Ministers slam Nasheed for “bluffing” over guesthouse commitments

Former President Mohamed Nasheed’s pledge to expand guest house tourism in the country has been strongly criticised by senior government figures, who accuse him of lacking sincerity and “bluffing” over his commitments to mid-market tourism.

State Minister for Finance Abbas Adil Riza and Minister for Tourism Ahmed Adheeb both this week slammed Nasheed, claiming guesthouse bed numbers more than doubled last year after President Dr Mohamed Waheed came to power.

The ministers, who represent the government-aligned Gaumee Ithihaad Party (GIP) and  the Progressive Party of Maldives respectively, also criticised Nasheed over previous remarks he made in international media calling for a boycott of the country’s tourism sector.

However, Nasheed’s Maldivian Democratic Party (MDP) has claimed that after reintroducing the guesthouse concept to the Maldives during its administration, the party’s latest manifesto gave further importance to growing mid-market tourism.  The MDP claims such growth will be vital to tackling what it called a “total disconnect” between the lucrative island resort model and local people.

With the inclusion of development of small and medium businesses – particularly in the emerging guesthouse sector – in a “mini-manifesto” drawn up by the MDP, mid-market tourism has emerged as a key potential issue for elections in September 2013.

Bed numbers

Speaking to Minivan News, Abbas Adil Riza accused Nasheed of lying in regards to his commitments to mid-market tourism development, criticising him for a wider failure to protect small and medium businesses in the country.

“My concern is that Nasheed is bluffing. Between 2009 to 2011, there were 16 new guest houses built,” he said, claiming these properties amounted to some 180 tourism beds.

Abbas said that in 2012 alone, the number of guesthouse beds available to tourists in the country had almost doubled as a result of programs implemented by the Waheed government to provide smaller-scale loans leading to 37 guest houses being developed.

“During Nasheed’s administration, outsiders were given public land and there was no funding supplied,” he said. “After February 7, we gave small-scale loans to 37 individuals.”

Abbas also accused former President Nasheed of failing to support small and medium enterprises and local industry in general.

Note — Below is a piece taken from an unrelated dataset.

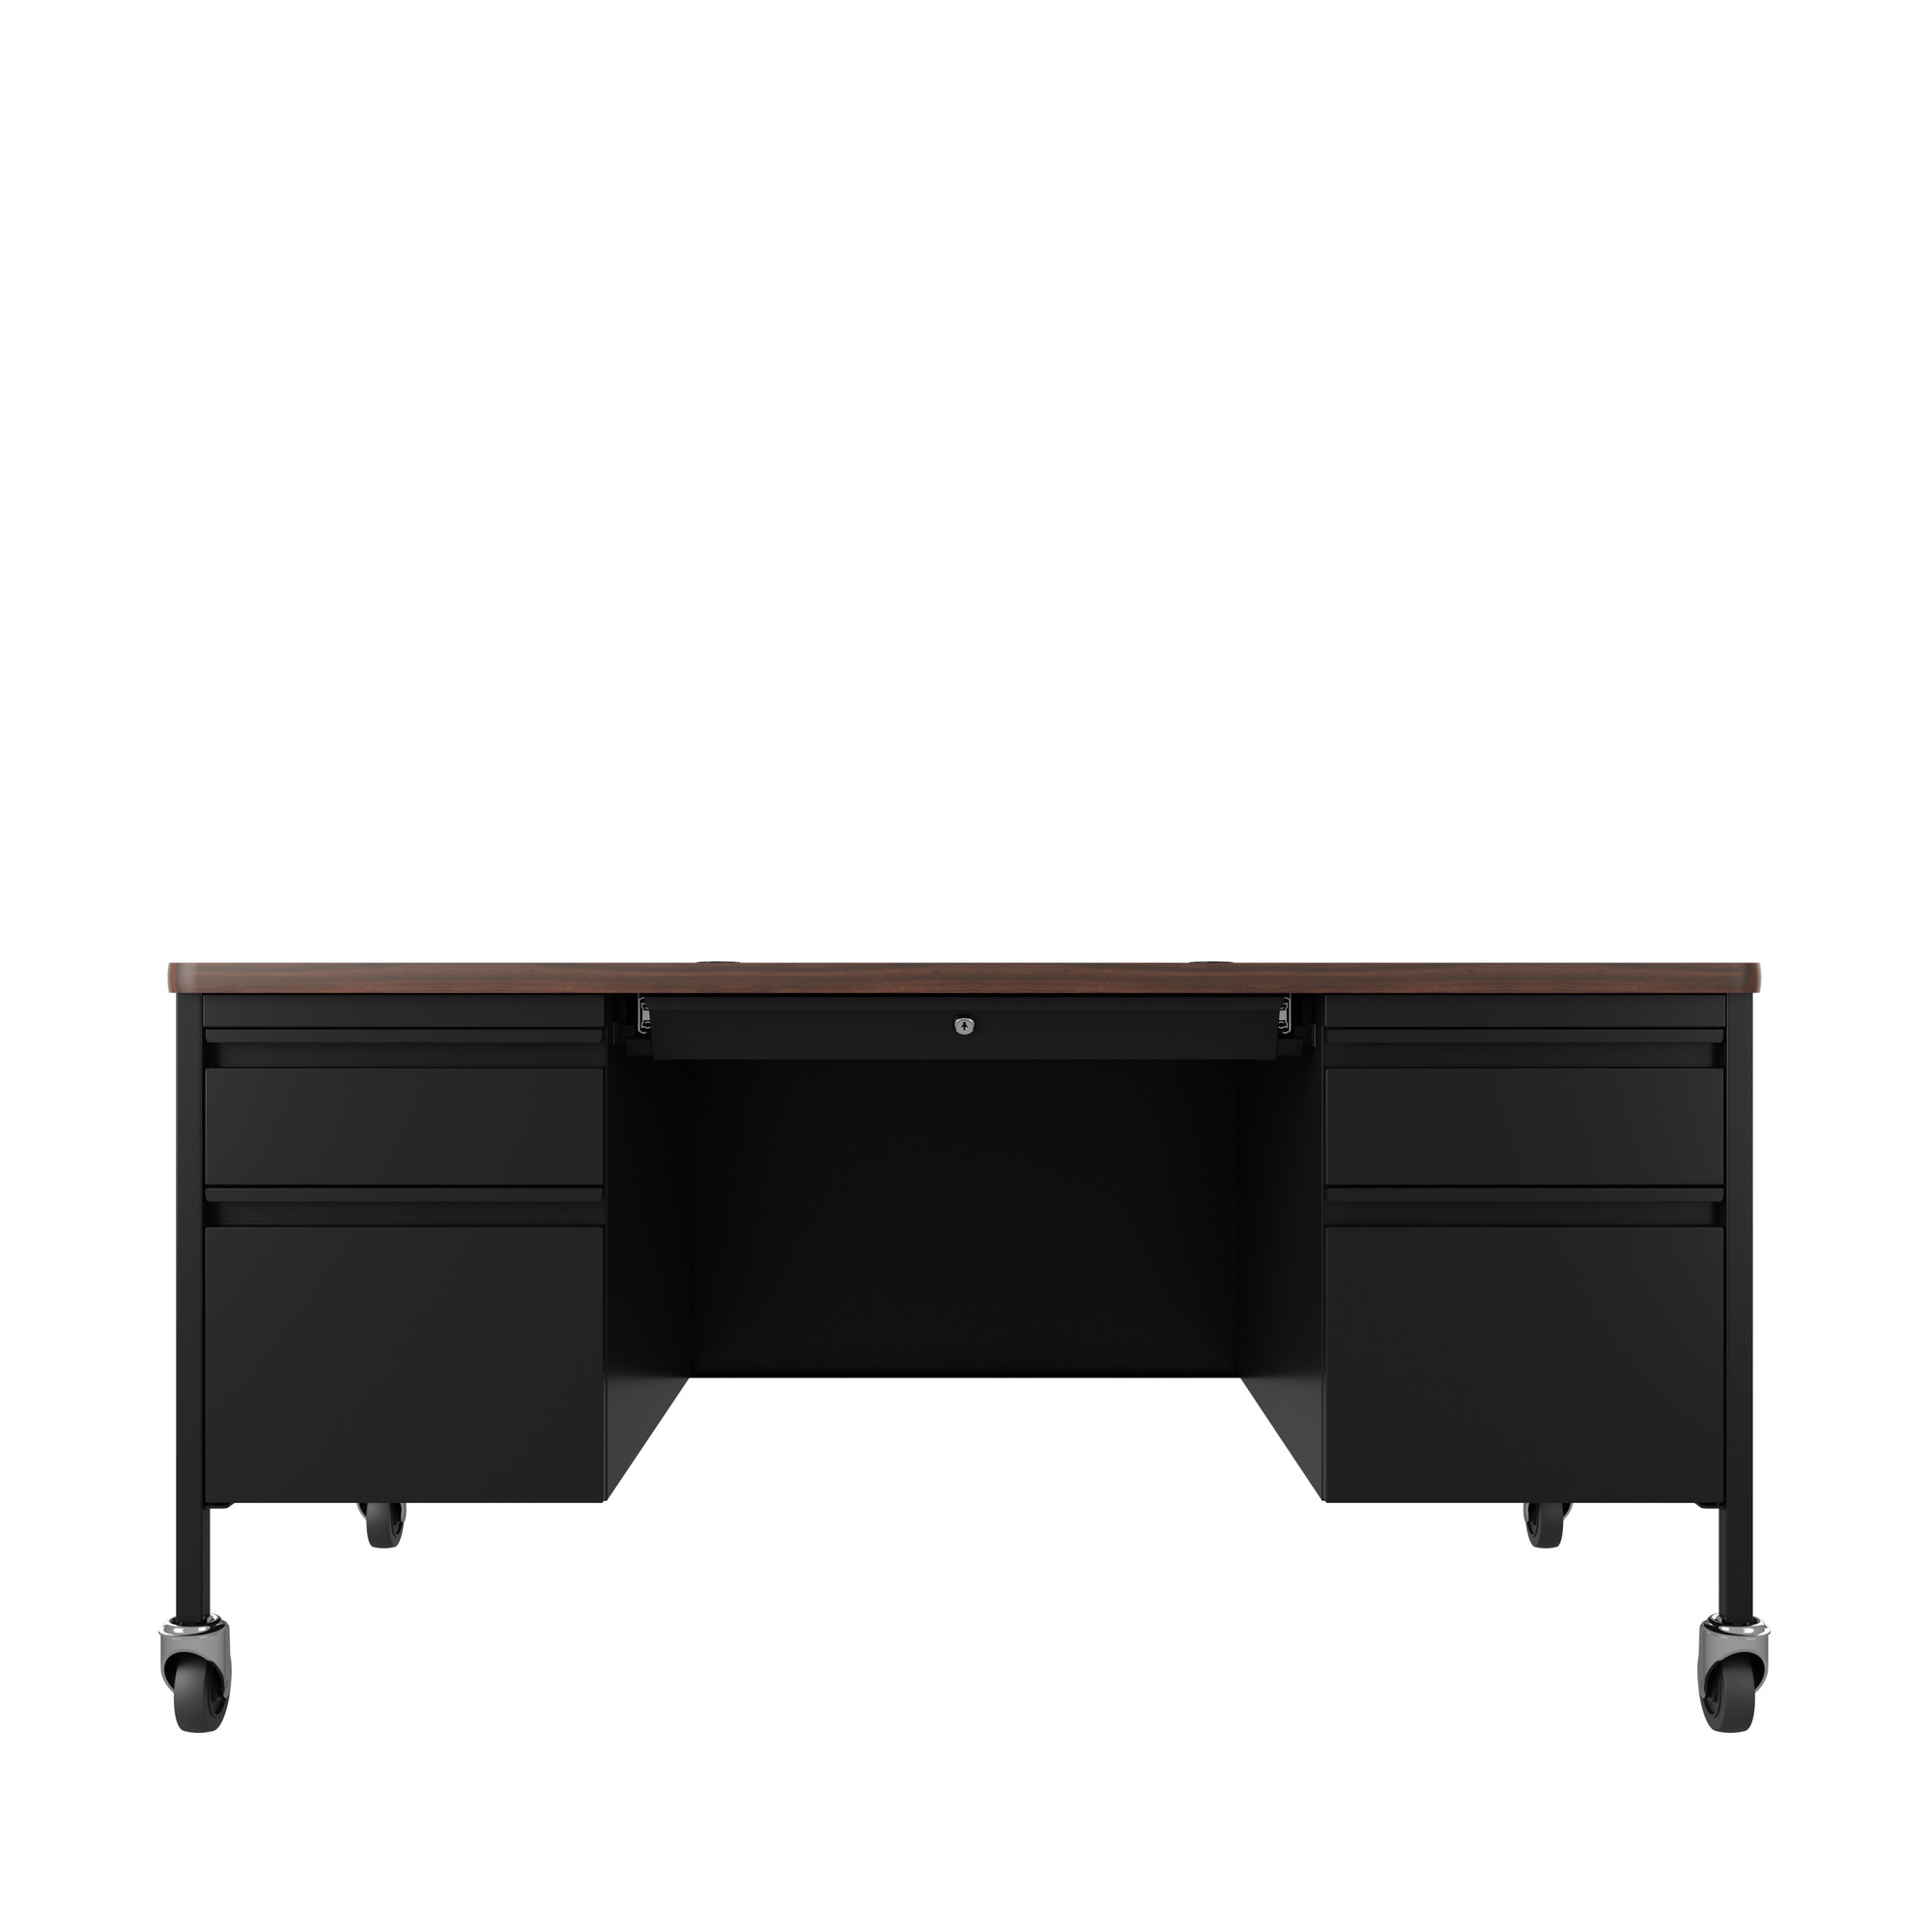 Hirsh Industries, Double Ped File Desk w/ Rounded Corner T-Mold Top, Width 60 in, Height 29.5 in, Depth 30 in, Model 22658

He added that small and medium scale businesses had to be set up in harmony with local culture and traditions, particularly on small islands.

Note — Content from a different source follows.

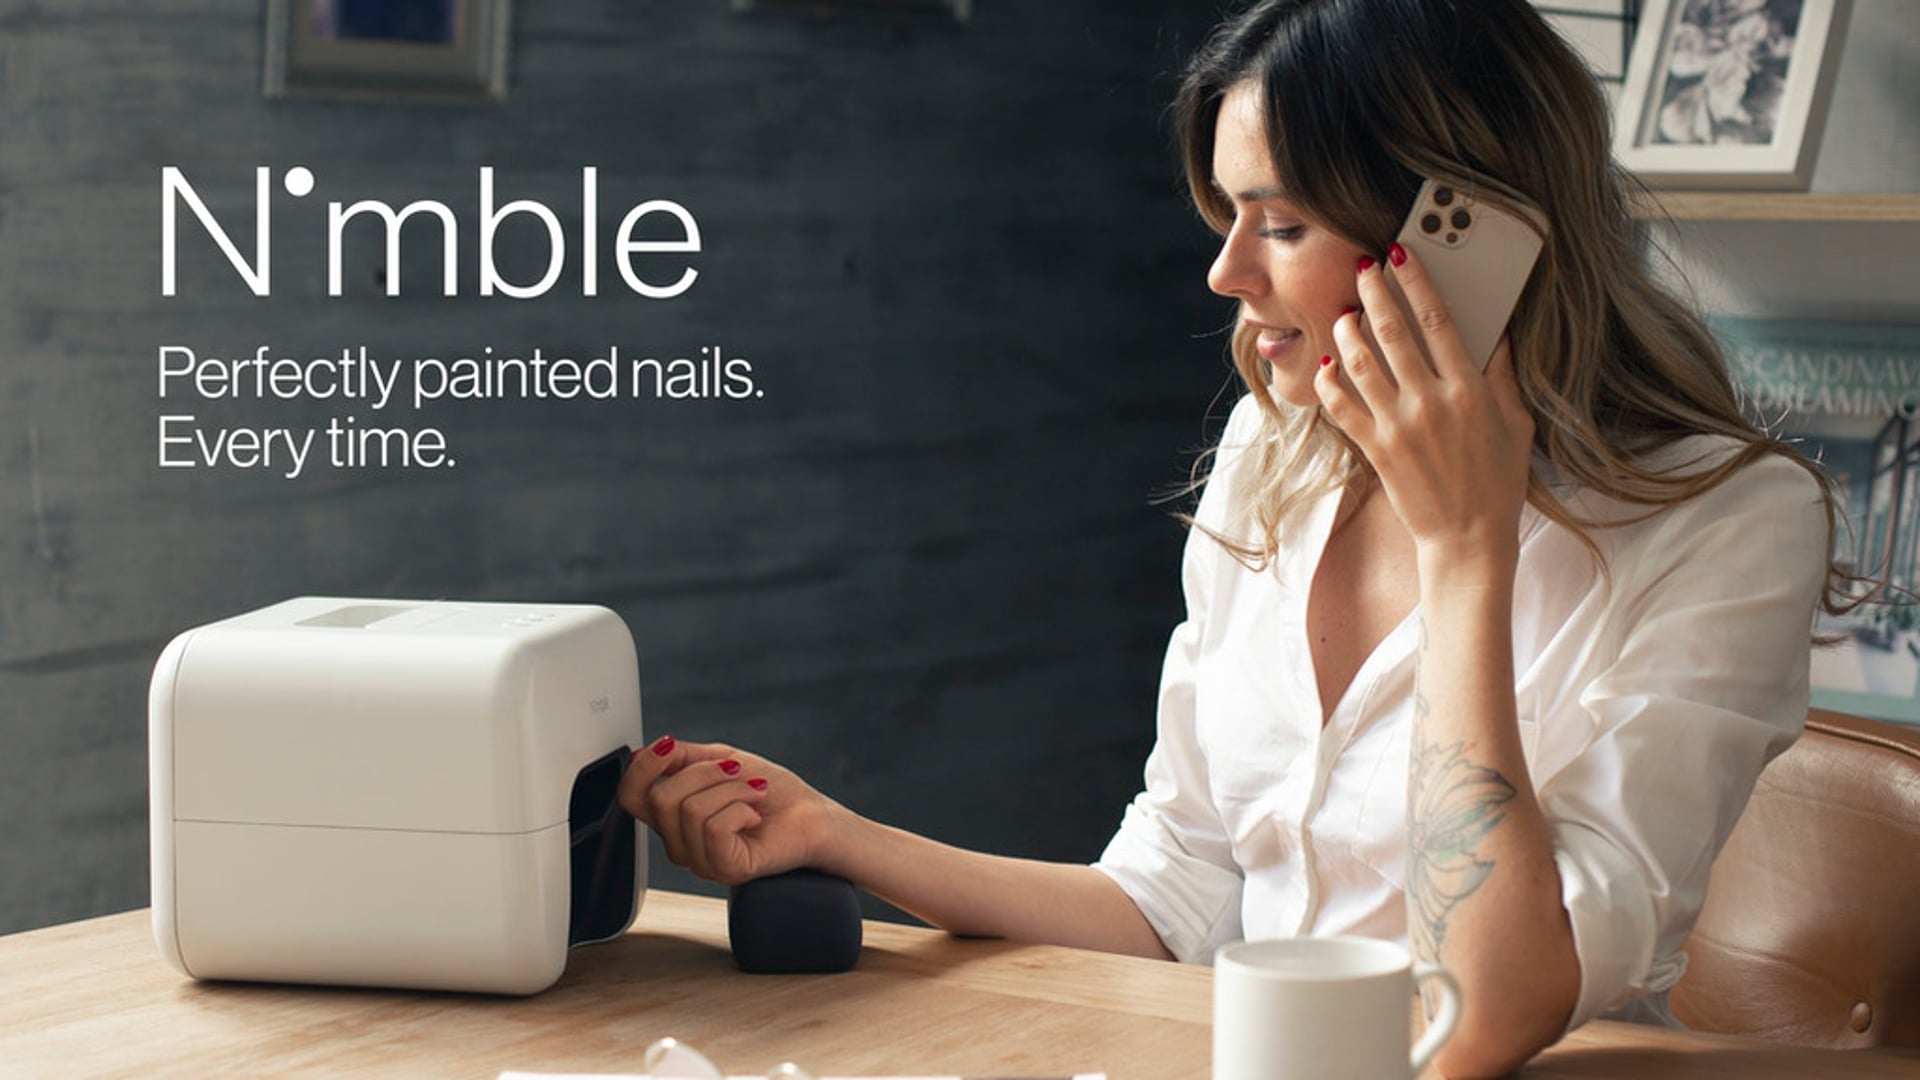 Nimble - Perfectly painted nails every time

“He can’t just say that he is the champion of these things,” Abbas added.

Boycott concerns

Traditional holiday staples for large numbers of tourists coming to the Maldives, including being able to wear bikinis and drinking alcohol, are not permitted by law on local islands that are classed as being inhabited.

Speaking to local media, both Abbas and Tourism Minister Adheeb have hit out at claims by the MDP published in international media last year calling for travellers to boycott Maldives tourism.

Adheeb told Sun Online that Nasheed had not made sense by previously calling for the promotion of guest houses in the build up to this year’s presidential election after calling for a boycott last year.

“President Nasheed had made a global call to boycott Maldives tourism, and now he is calling to promote guest house businesses, targeted at Maldives tourism. This does not make sense,” he was quoted as saying.

Nasheed last year called for a tourism boycott of the Maldives, as he continued to question the legitimacy of the government of President Waheeed – his former vice president.

However, these calls were soon dropped by Nasheed and supporters of the now opposition MDP.

The Ministry of Tourism last year fell short of its stated aim of welcoming one million visitors to the country during 2012, citing difficulties resulting from media coverage of political turmoil following the change of government that brought President Dr Mohamed Waheed to office.

However, authorities in the country have since pledged to surpass the one million visitor goal in 2013, claiming late last year that the “hard days” were over for tourism in the country following 2012′s political turmoil.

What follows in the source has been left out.